What Malvo has told Blumberg and other mental health experts in jailhouse interviews differs dramatically from three taped confessions given to law enforcement officers shortly after he and Muhammad were arrested Oct. 24, 2002.
In the tapes, which were played for jurors, Malvo said he was the triggerman, not the spotter, in the 10 sniper murders. He bragged about making “head shots,” joked with his interrogators, and spoke proudly about his and Muhammad’s prowess in selecting attack sites that provided safe avenues of escape.
“His behavior [in interrogations with investigators] was bizarre,” said Dr.
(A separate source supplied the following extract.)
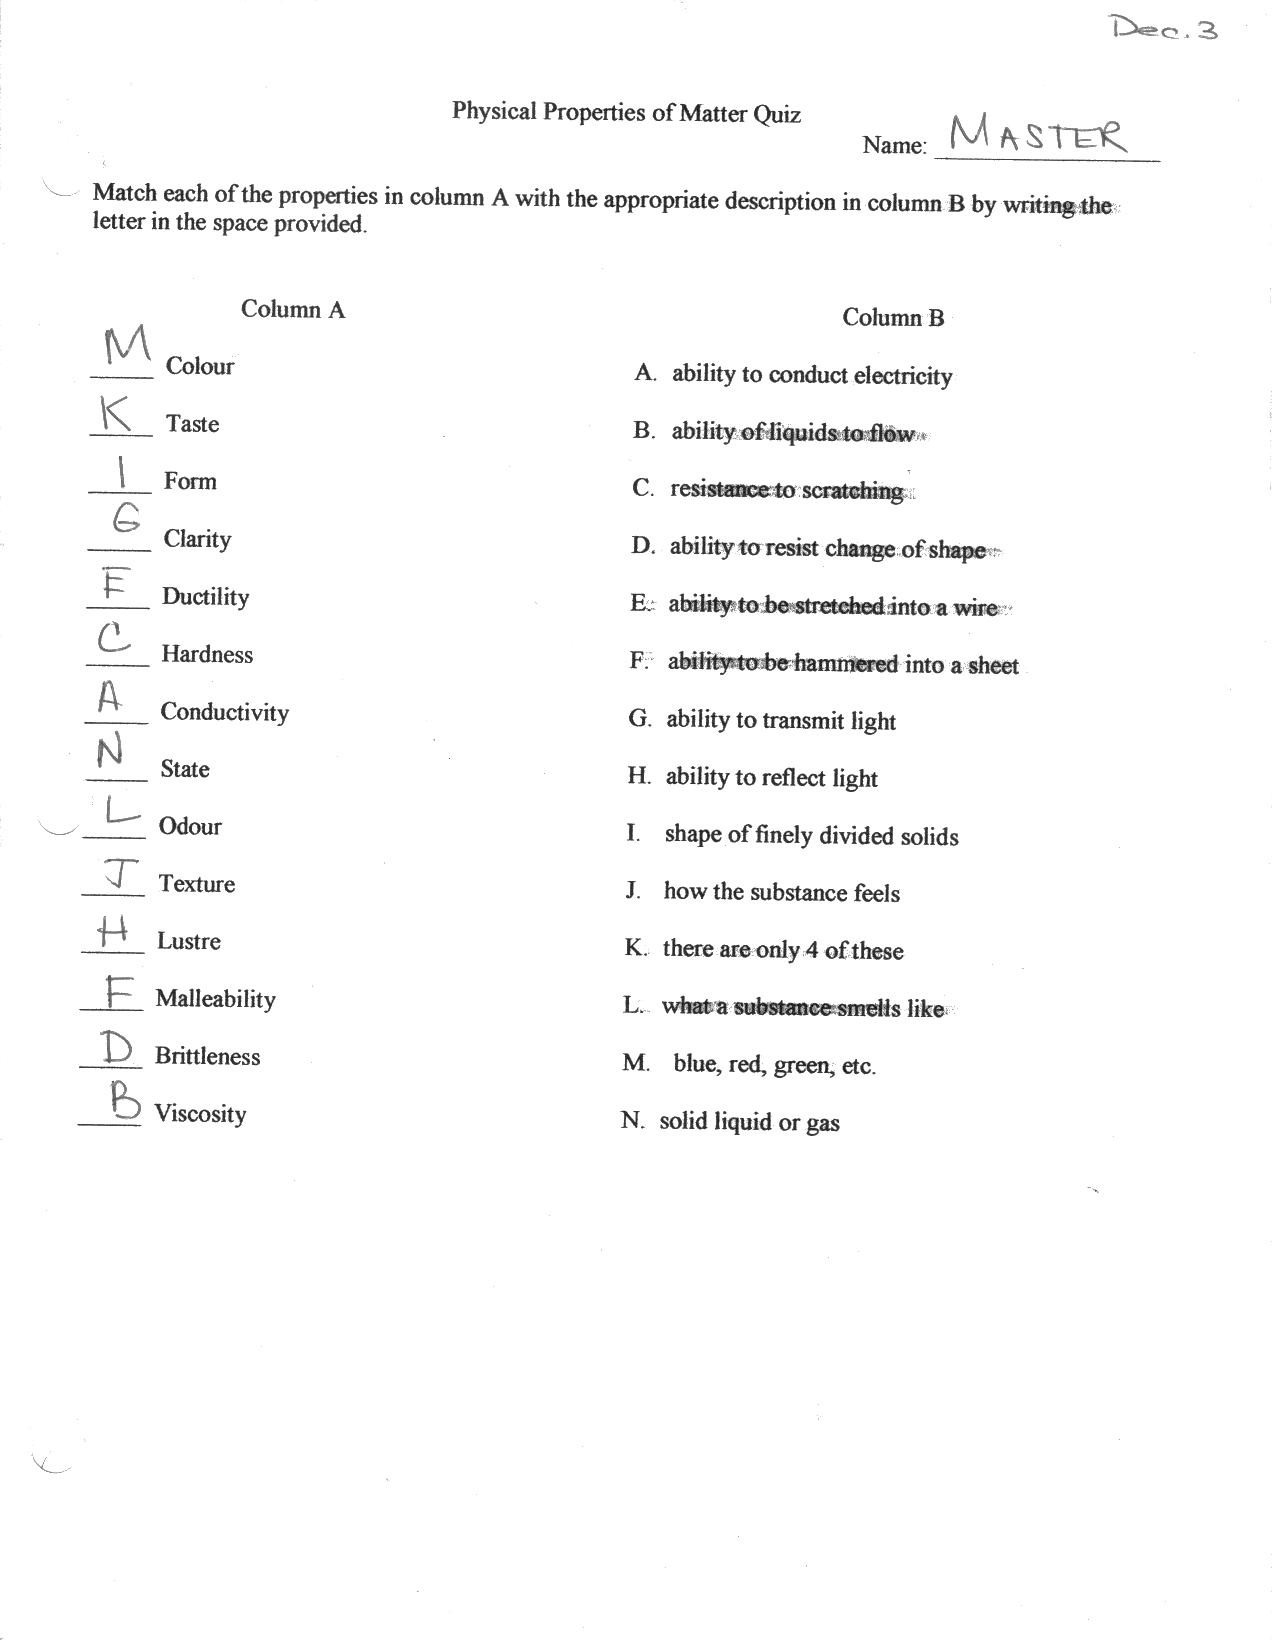 Physical And Chemical Properties Worksheet Physical Science

Diane Schetky, a psychiatrist who evaluates the legal sanity of defendants in Maine’s court system.
“It was totally inappropriate to the context of the situation. He was laughing, being silly, childlike ... and displaying a pathological loyalty to Mr. Muhammad -- to the extent that, when the investigator suggested the person doing the shooting might take the rap, he confessed readily that he pulled the trigger in all of the cases.”